#### [Your objective]
Below is some data. Retype exactly the lines starting at the one with "Kammani Ee Premalekha" and ending at the one with "Florim Beton One".

#### [Records shown]
☆ ☆ ☆ ☆

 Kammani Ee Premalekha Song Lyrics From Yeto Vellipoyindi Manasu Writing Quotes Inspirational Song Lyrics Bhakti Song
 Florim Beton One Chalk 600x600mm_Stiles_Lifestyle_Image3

☆ ☆ ☆ ☆

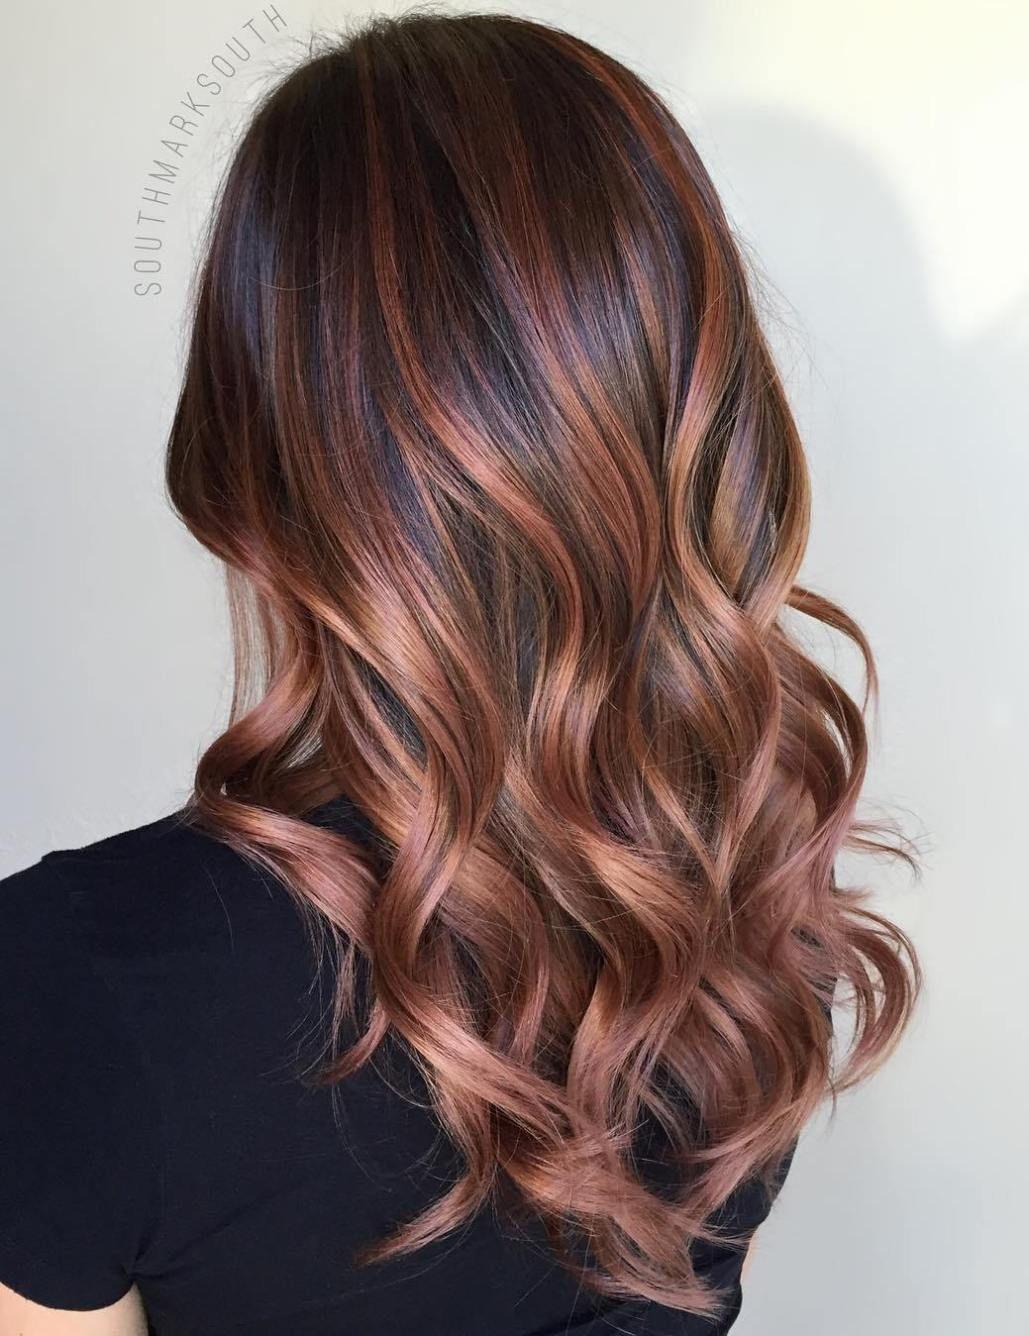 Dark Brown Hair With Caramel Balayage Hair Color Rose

☆ ☆ ☆ ☆

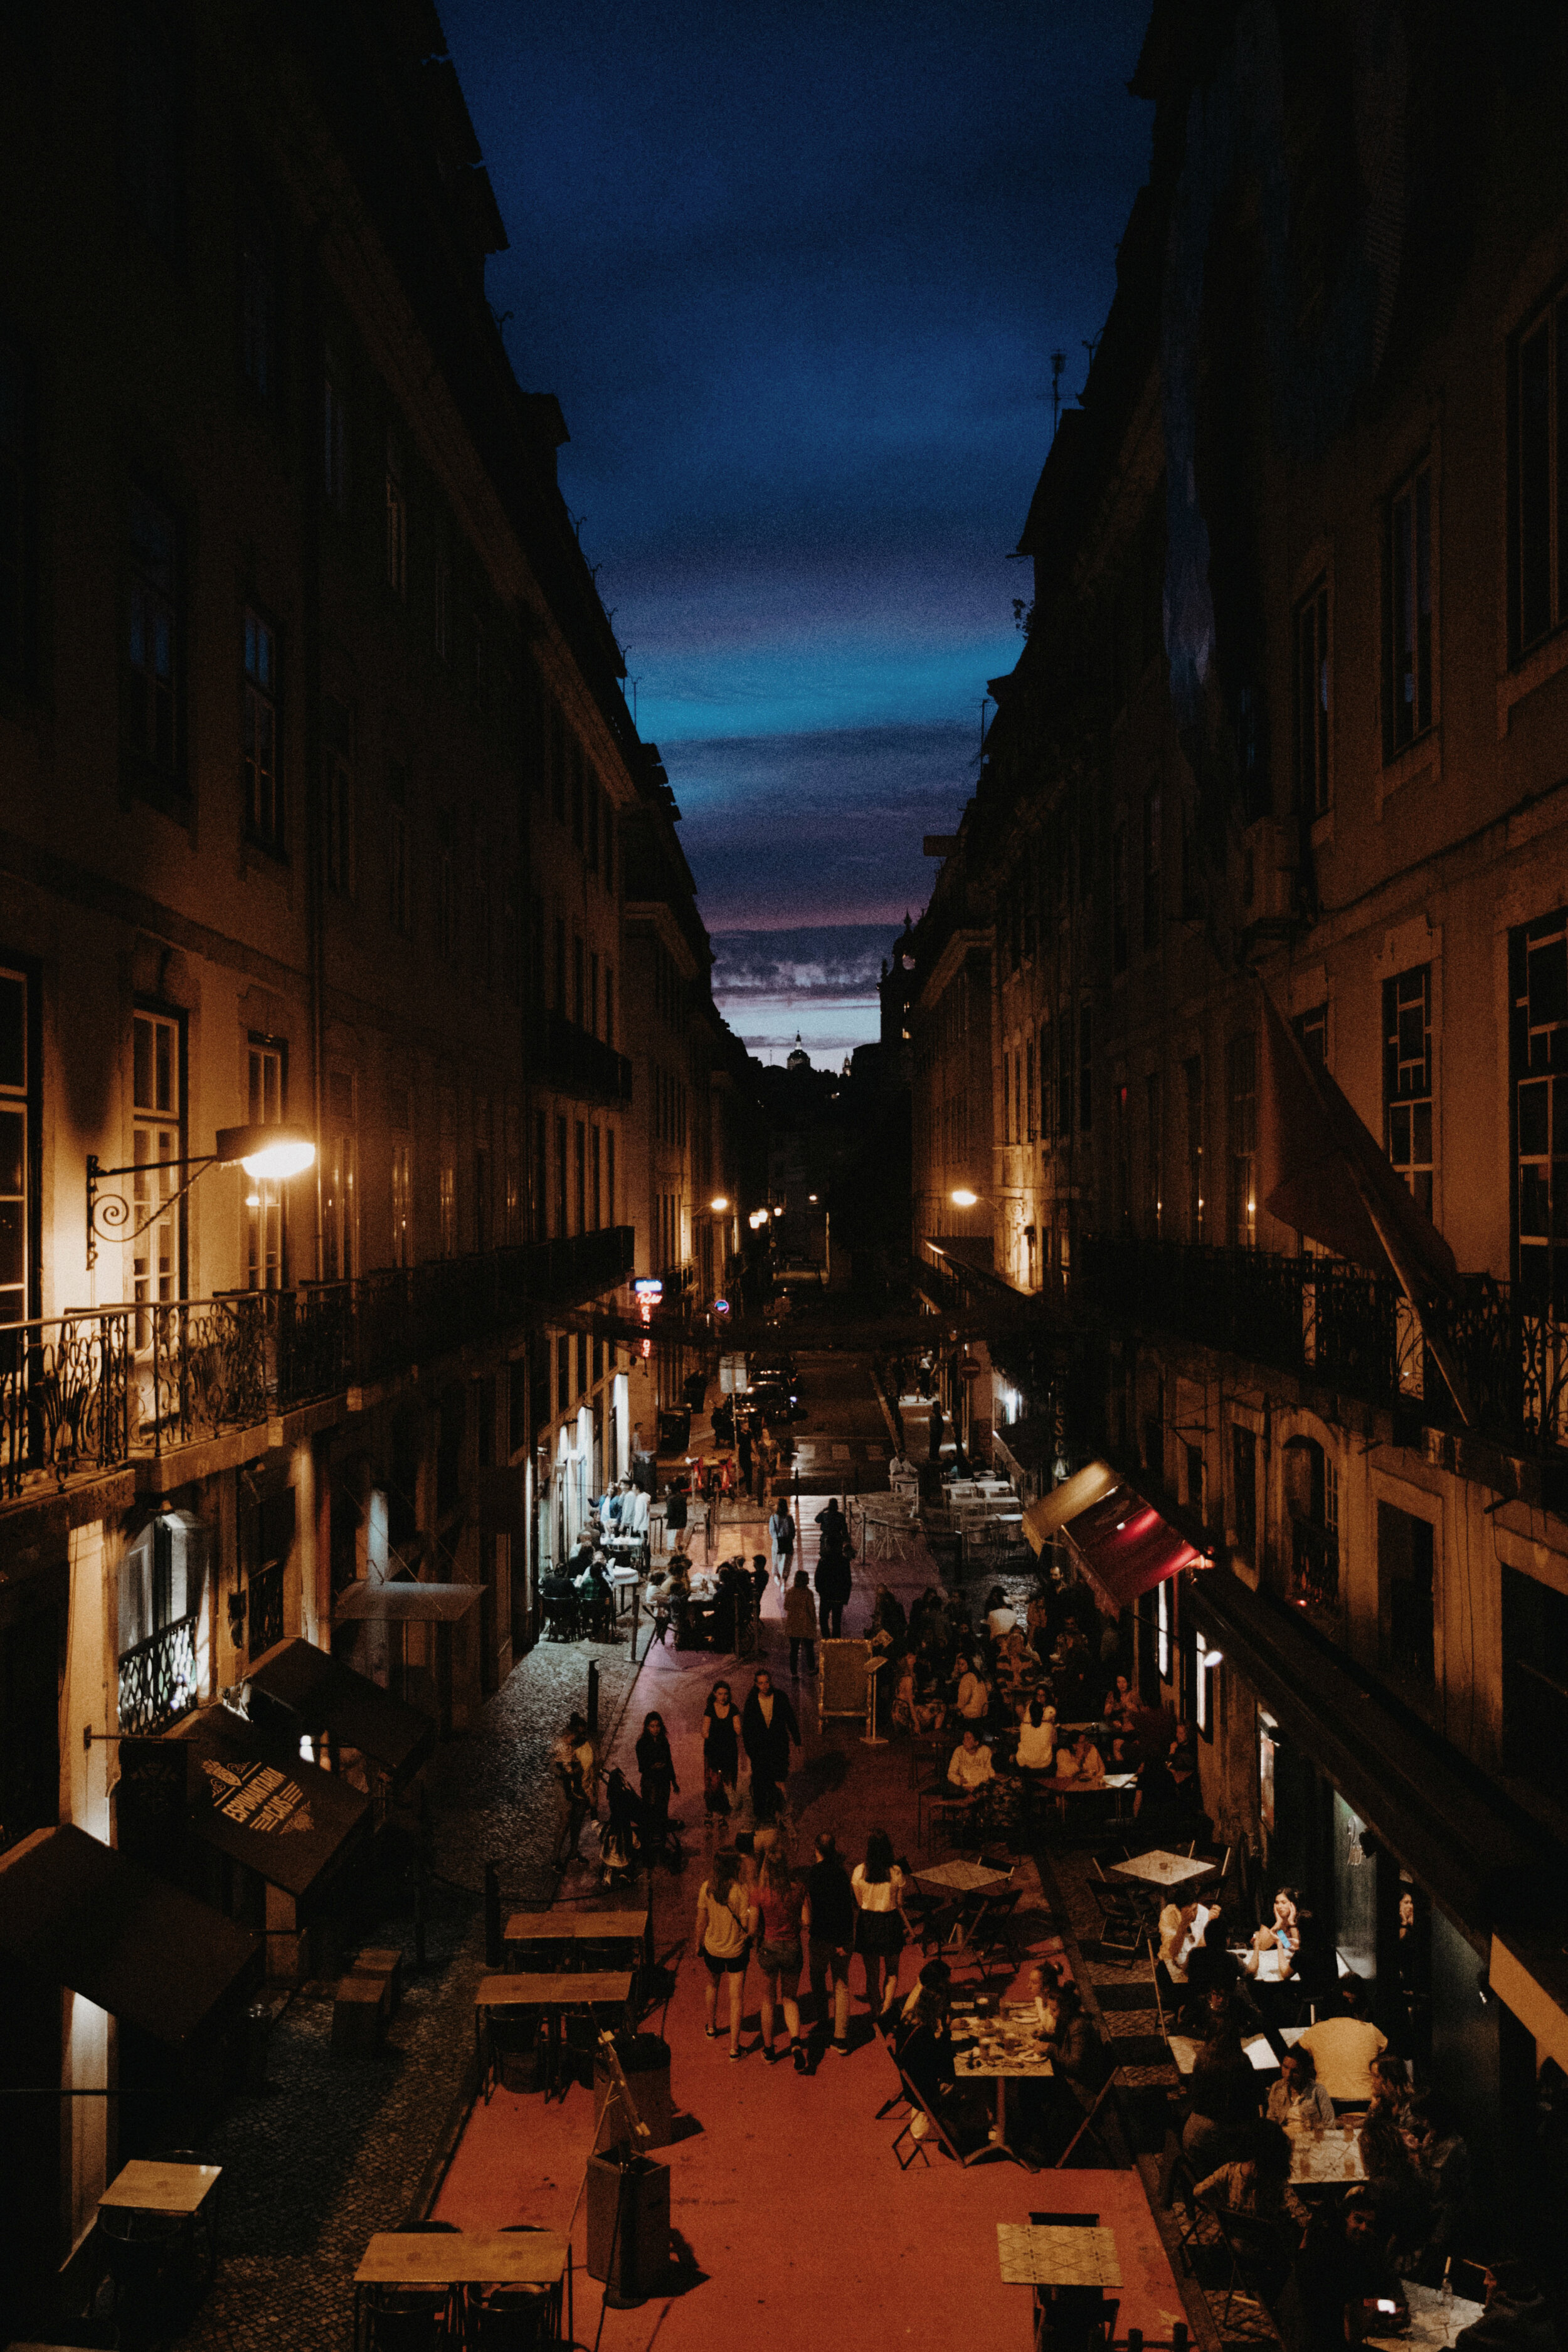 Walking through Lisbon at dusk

☆ ☆ ☆ ☆

#### [Exercise result]
 Kammani Ee Premalekha Song Lyrics From Yeto Vellipoyindi Manasu Writing Quotes Inspirational Song Lyrics Bhakti Song
 Florim Beton One Chalk 600x600mm_Stiles_Lifestyle_Image3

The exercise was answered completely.